With regard to their findings, the researchers report that over the 45-year period of study “ETP coral cover exhibited temporary reductions following major ENSO events, but no overall decline.” Indeed, as seen by the red trend line in Figure 1, coral cover increased slightly during this time, though the increase was not statistically significant. Of perhaps greater interest to the subject at hand, however, is the apparent increasing resistance of this parameter over time to the thermal stress caused by major El Niño events; whereas coral cover experienced a 25.6% decrease following the 1982/83 El Niño, it rebounded to pre-event levels within a decade and remained at such levels following the subsequent super 1997/98 El Niño event.

Commenting on their work, Romero-Torres et al. say that “after repeated thermal stress disturbances, such as those caused by the 1997-1998 El Niño, ETP coral reefs have demonstrated regional persistence and resiliency.” Consequently, they conclude “ETP coral reefs have adapted to thermal extremes to date, and may have the ability to adapt to near-term future climate-change thermal anomalies,” adding “these findings for ETP reef resilience may provide general insights for the future of coral reef survival and recovery elsewhere.” And those insights do not support the fervent claims of climate alarmists of current and ongoing irreversible damage to coral reefs.
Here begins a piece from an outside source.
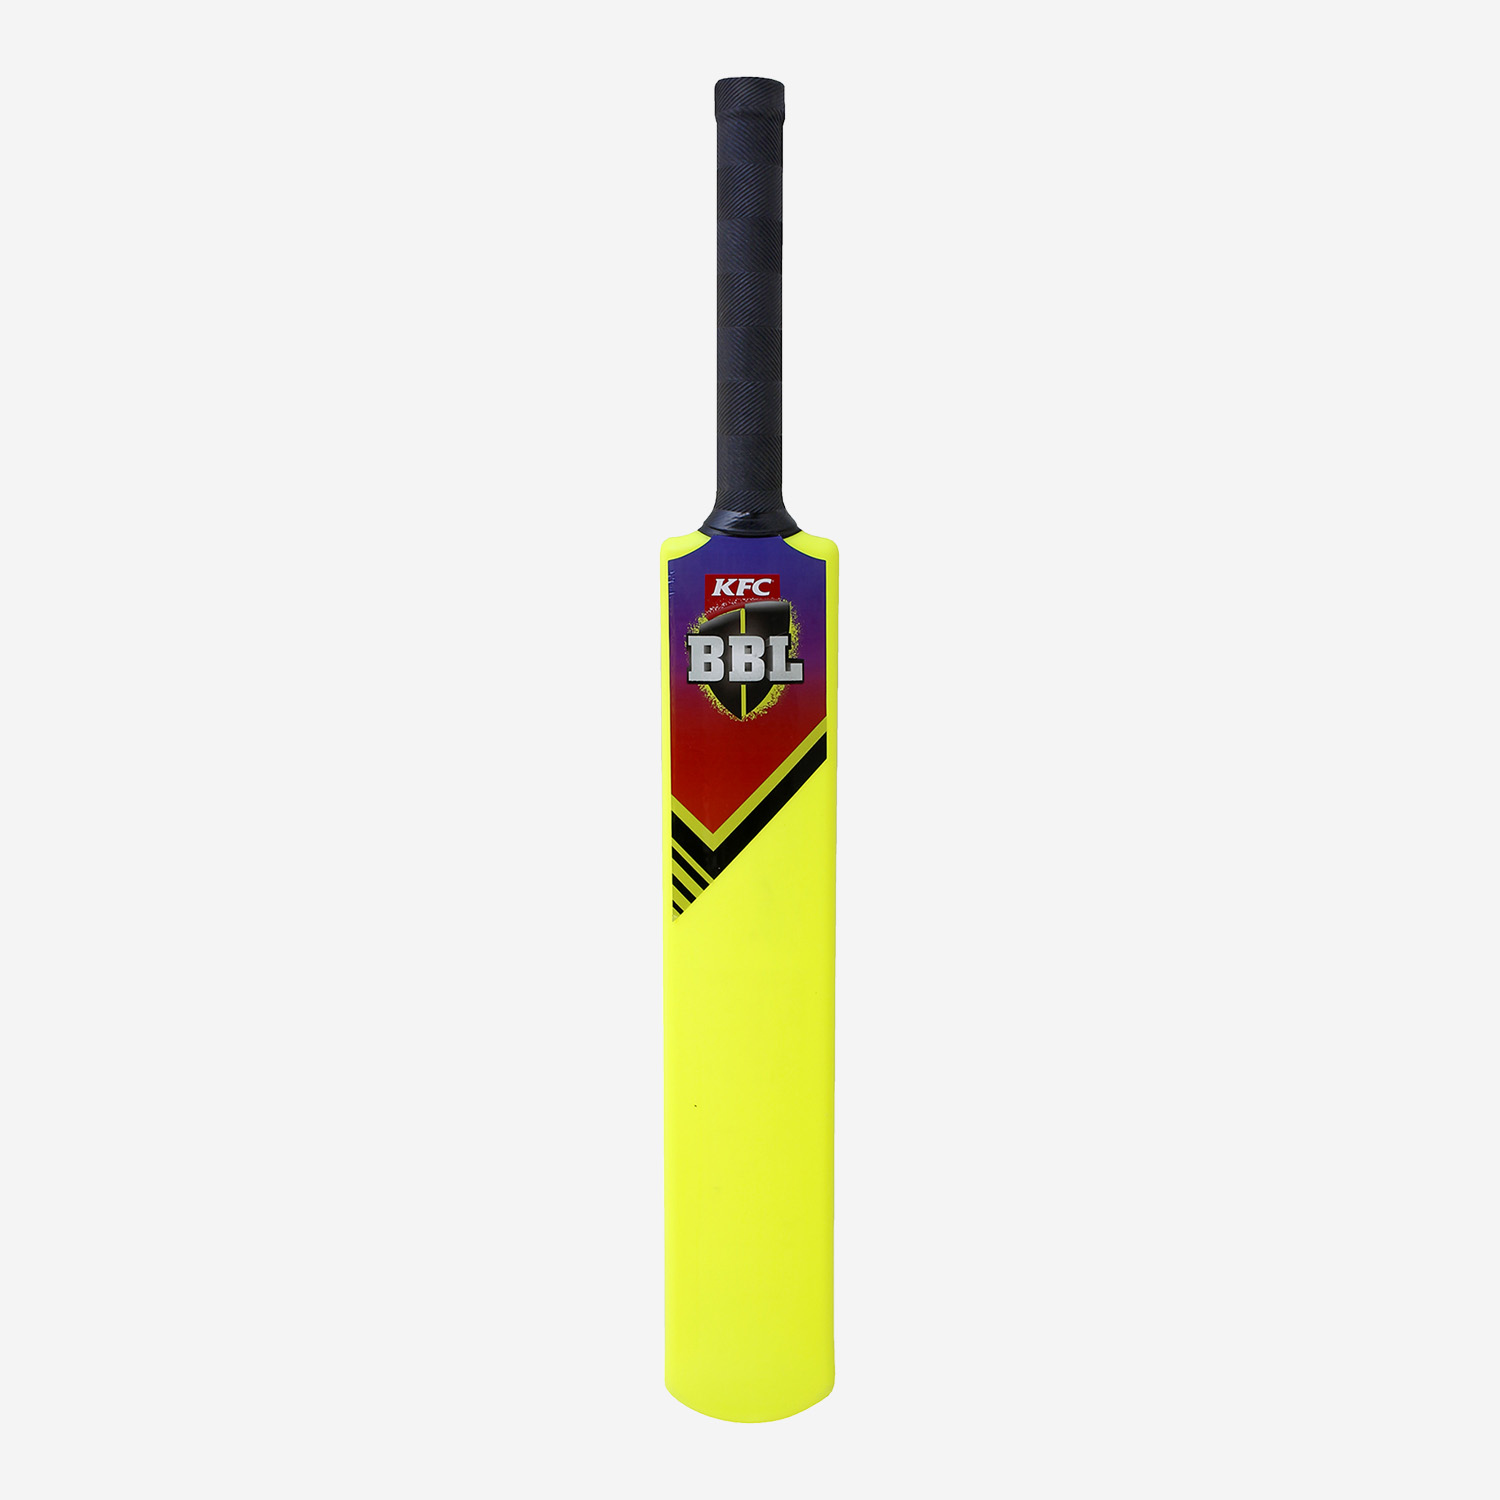 BBL plastic cricket bat

Figure 1. Illustration of the influence of ENSO events on the coral cover in the Eastern Tropical Pacific (ETP). Top panel (a): Positive (red) and negative (blue) sea surface temperature anomalies in the Niño-3 region during 1971-2014. The vertical orange bars indicate the strongest El Niño events. Bottom panel (b): Live coral cover aggregated at the region scale for ETP coral reefs with its fitted linear trend (red dashed line). The fitted smooth line trend in green represents the long-term cycles of loss and recovery (95% confidence level interval in gray). Box plots describe the minimum, maximum, interquartile ranges and median values of live coral cover for each year. Source: Romero-Torres et al. (2020).